# Conventions for MLModels Implementation

## Model Constructor Components

• MLModel is a function supplied by the MachineShop package. It allows for the integration of statistical and machine learning models supplied by other R packages with the MachineShop model fitting, prediction, and performance assessment tools.

• The following are guidelines for writing model constructor functions that are wrappers around the MLModel function.

• In this context, the term “constructor” refers to the wrapper function and “source package” to the package supplying the original model implementation.

### Constructor Arguments

• The constructor should produce a valid model if called without any arguments; i.e., not have any required arguments.

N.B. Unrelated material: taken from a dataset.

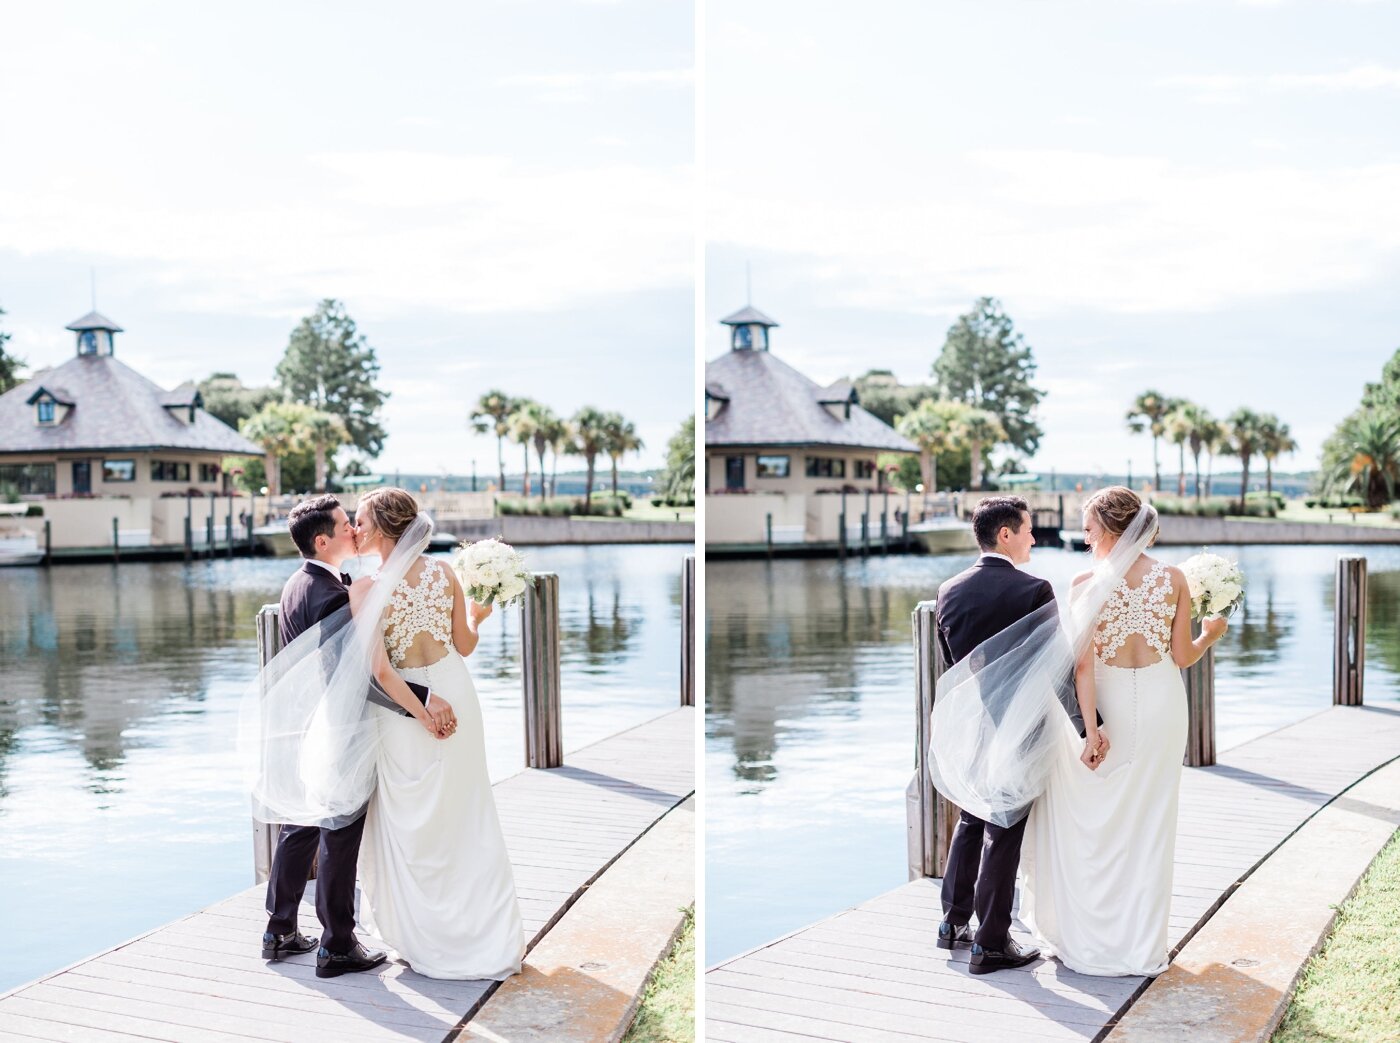 Theresa + Chris’s classic wedding at Wexford Plantation in Hilton Head

• The source package defaults will be used for parameters with NULL values.

• Model formula, data, and weights are separate from model parameters and should not be defined as constructor arguments.

### name Slot

• Use the same name as the constructor.

### packages Slot

• Include all packages whose functions are called directly from within the constructor.

• Use :: or ::: to reference source package functions.

### types Slot

• Include all response variable types ("binary", "factor", "matrix", "numeric", "ordered", and/or "Surv") that can be analyzed with the model.

### params Slot

• List of parameter values set by the constructor, typically obtained with MachineShop:::params(environment()) if all arguments are to be passed to the source package fit function as supplied. Additional steps may be needed to pass the constructor arguments to the source package in a different format; e.g., when some model parameters must be passed in a control structure, as in C50Model and CForestModel.

### nvars Function

• Should have a single data argument that represents a model frame and return its number of analytic predictor variables.

### fit Function

• The first three arguments should be formula, data, and weights followed by an ellipsis (...).

• If weights are not supported, the following should be included in the function:

if(!all(weights == 1)) warning("weights are not supported and will be ignored")
• Only add elements to the resulting fit object if they are needed and will be used in the predict or varimp functions.

• Return the fit object.

### predict Function

• The arguments are a model fit object, newdata frame, optionally times for prediction at survival time points, and an ellipsis.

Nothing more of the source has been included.